Some of them must have stood in water that was then over that part of the deck while they played, for we were on nearly the same level with the deck then.
‘They played Nearer My God to Thee till the ship rose and they went out of sight. They must have been playing when it went down,’ said Nora. Nora and the 704 other survivors were picked up by the Carpathia about daybreak. And it was The Patriot which told her brothers in Harrisburg that she was safe, having previously reported their anxiety about her. At 9.15 a.m. on 18 April, the Carpathia docked in New York where Nora was met by her brothers, Dennis, William, Patrick and John Keane.
Nora then returned to Harrisburg where she had made her home with another brother, Michael, who had a hotel there.

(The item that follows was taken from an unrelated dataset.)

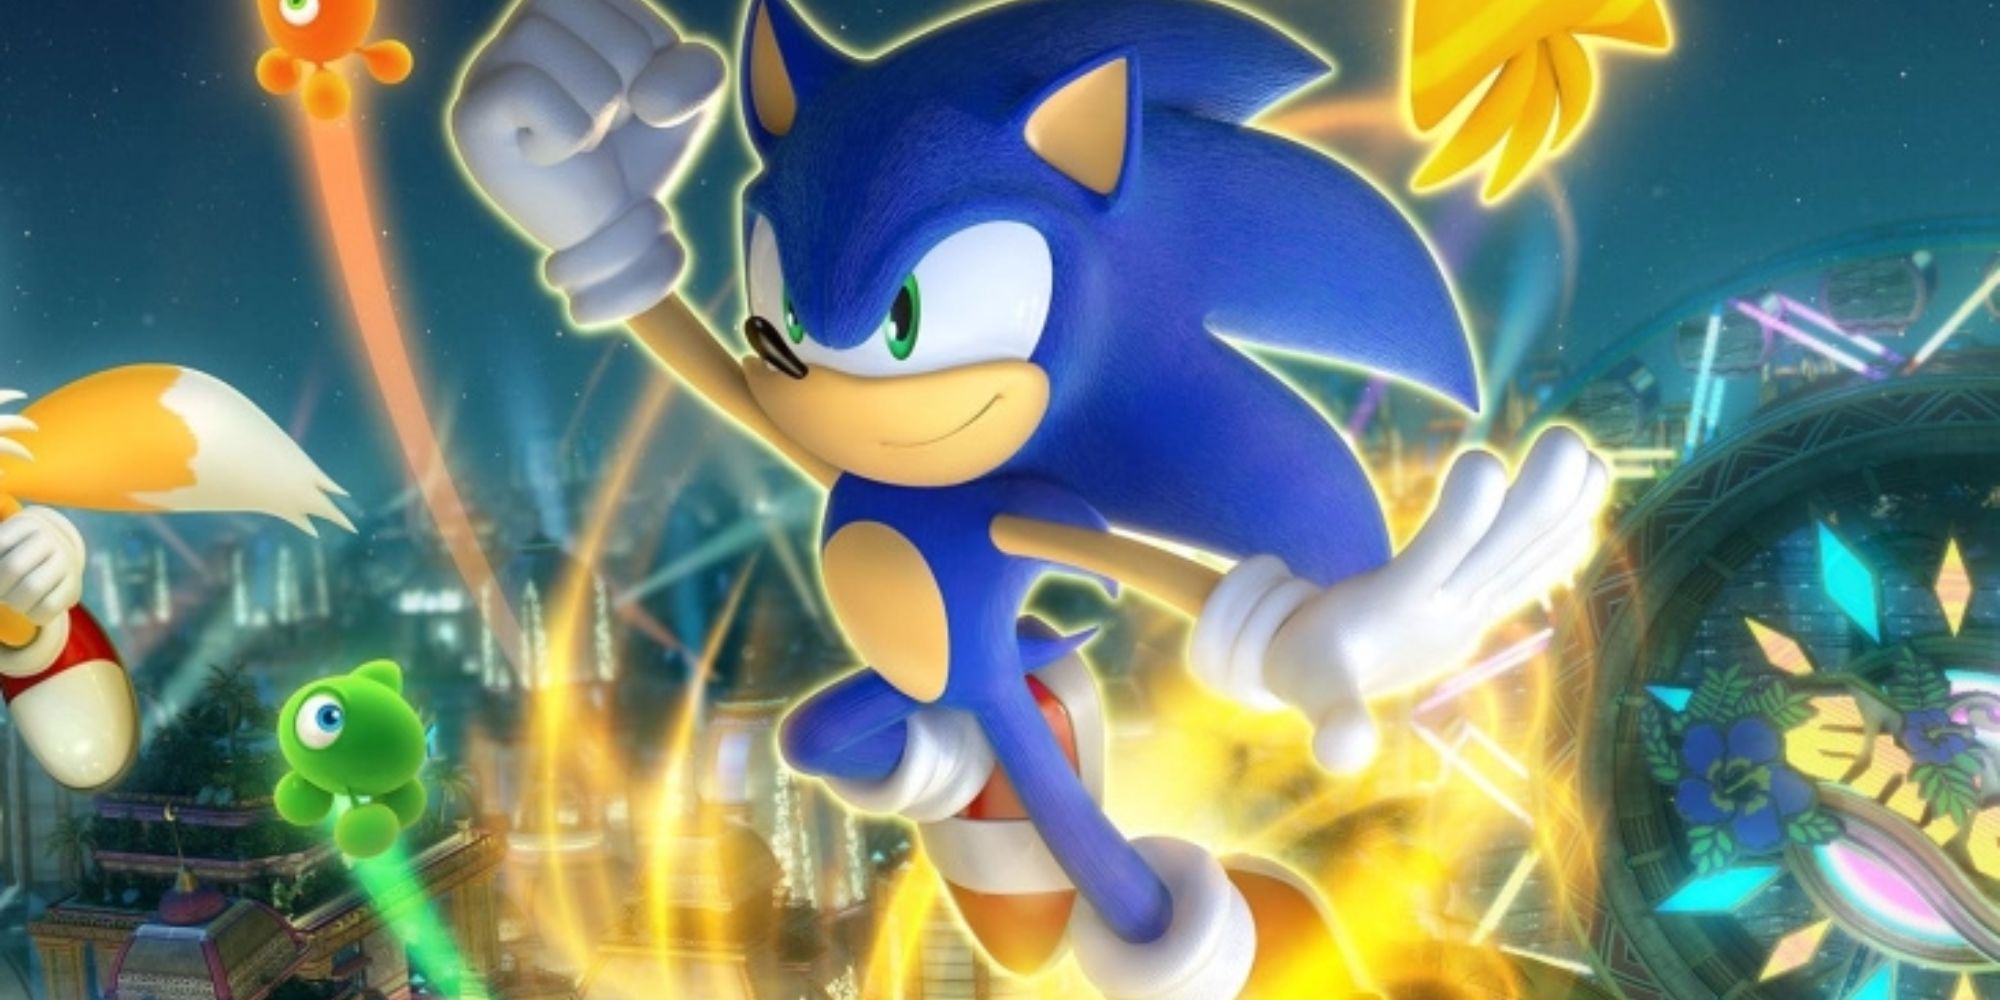 Sonic Flying with Trails and the Wisps in Star Light Zone

(The Patriot, 20 April 1912)
The same newspaper the day before quoted Nora, in an account dictated to her brother Dennis, as saying that ‘some shots were fired on the ship. People said men had been shot. I don’t know who they were … it is so awful I cannot think of all that happened.’
Nora, who discreetly carved eleven years off her age when signing aboard the Titanic, had been born in 1866 to John Keane (1819–1885) and his wife Nora Fee (d. 1916) of Gardenhill, Castleconnell, Limerick. Nora later bought and managed a pub in Harrisburg, using money she received from an inheritance. The American Red Cross assisted her to the tune of $100.
Nora told her family back in Ireland little about the disaster. She said the other women in her cabin were woken up by stewards and told to leave the ship immediately. She was in the lifeboat all night, dressed only in her nightgown – sans corset of course – and strictly enjoined her nephews and nieces in later life: ‘When they tell you to get off the boat, do what they say!’
She eventually returned to Ireland and died on 20 December 1944, at the County Infirmary in Limerick, aged 78. The cause of death was complications from a broken leg.